The Banff Centre has appointed Jack Davis – the former head of the Calgary Health Region – as its interim president, with the upcoming departure of Jeff Melanson. Davis's appointment, effective July 1, was announced Friday, along with the announcement that Melanson will remain in Banff until July 1. Melanson was originally to stay on at the Banff Centre until mid-September, before returning to Toronto, where he will become president and CEO of the Toronto Symphony Orchestra. The Banff Centre says Melanson is leaving two-and-a-half months earlier than originally announced because they thought it would take longer to find someone to fill the position.

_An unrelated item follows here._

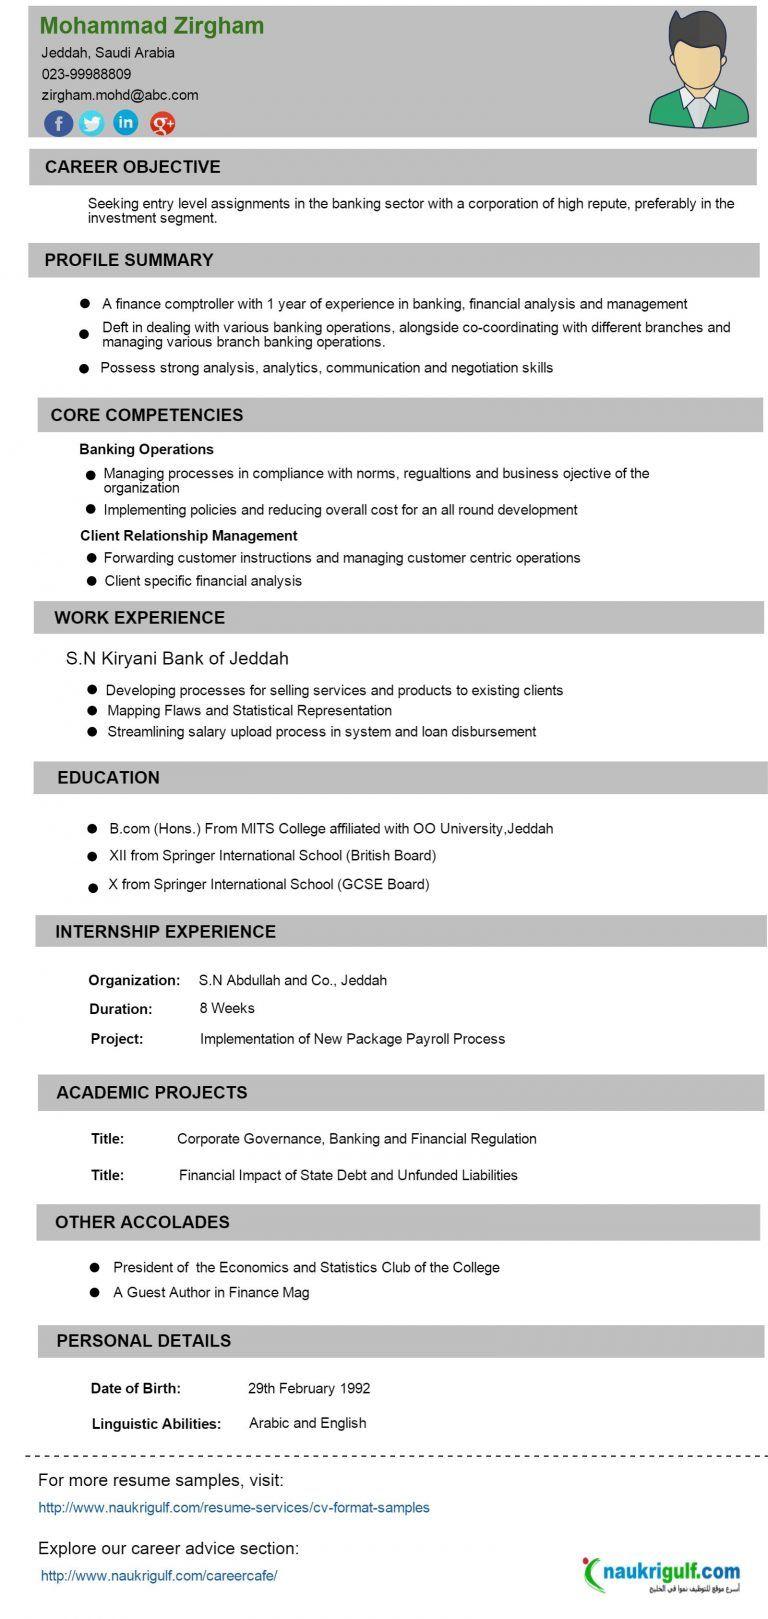 Cv format banking finance resume sample naukriuglf com for

Davis made headlines in 2008 when he was fired from his position as president and CEO of the Calgary Health Region, and received a generous compensation package, which included $1.7-million in severance pay. That year he became chairman of CEO.Mobile Inc, a company that advises foundations and corporations on leadership and strategy. Before heading the Calgary Health Region, he was responsible for the Alberta Public Service as Deputy Minister of Executive Council. He has also served on the Banff Centre board.

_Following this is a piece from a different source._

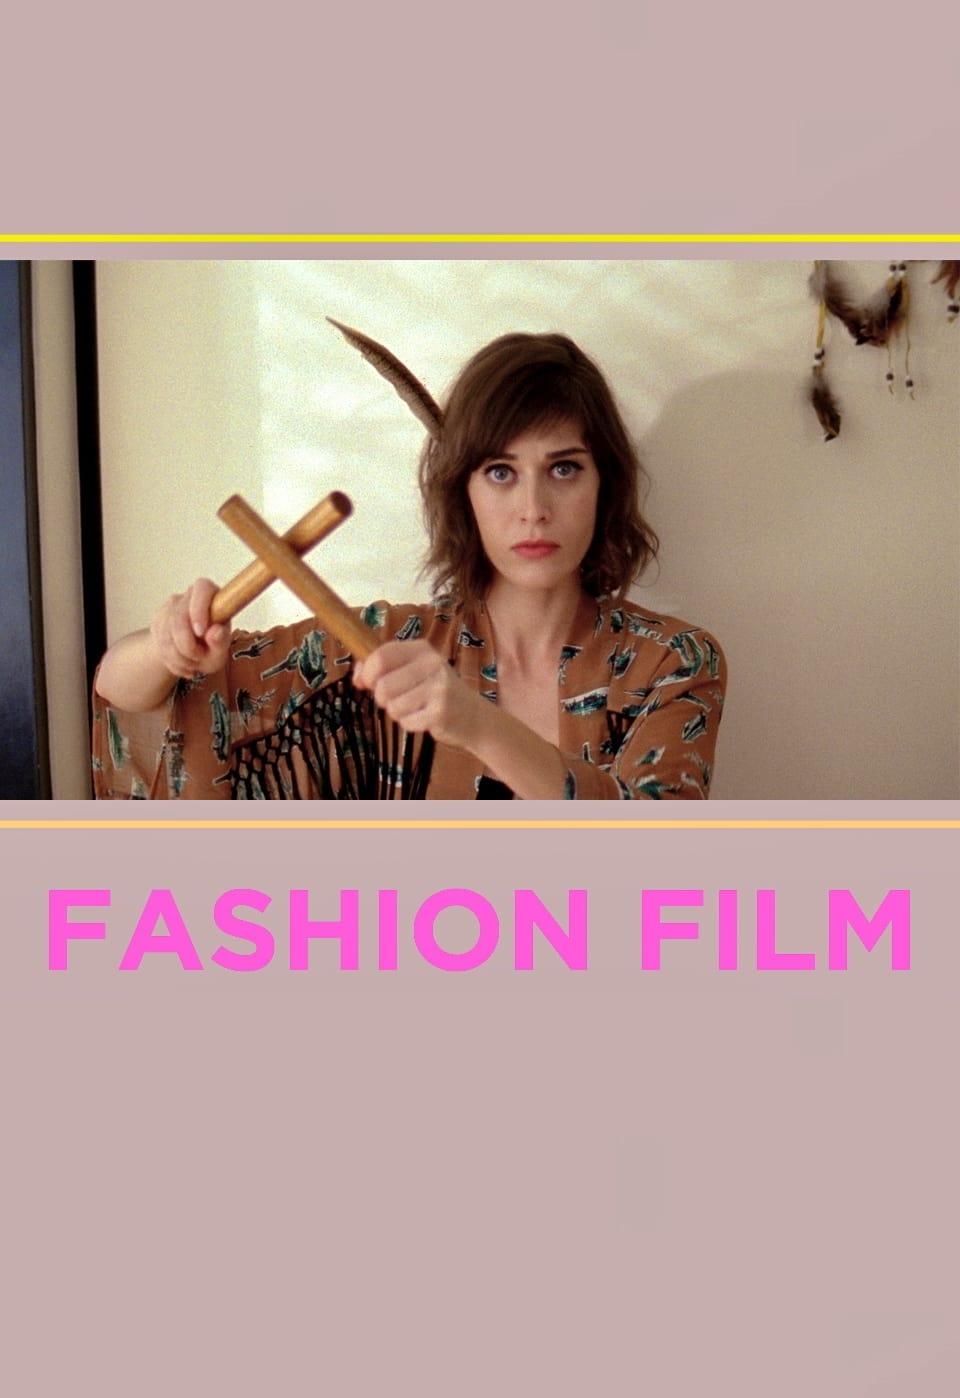 Fashion Film (2013)

"We approached Jack Davis because of his solid knowledge of our operations and background in government, business and not-for-profit management," said board chair Brenda Mackie in a news release, out Friday.

Melanson's surprise announcement this spring that he would be leaving his post as president and CEO for personal reasons about halfway through his first five-year term means that he will not be the person leading the implementation of the Centre's ambitious strategic plan. In the news release, the board emphasizes that the Centre is moving ahead with the plan, which it approved last year. It includes a big-vision campus renewal with a price tag of hundreds of millions of dollars, as well as increasing public access to the centre's activities through its dissemination strategy, re-imagining its leadership development program as the Peter Lougheed Leadership Institute, securing funding to enable tuition-free access for participants of arts residencies and programs, and advancing the Centre's contribution to applied research.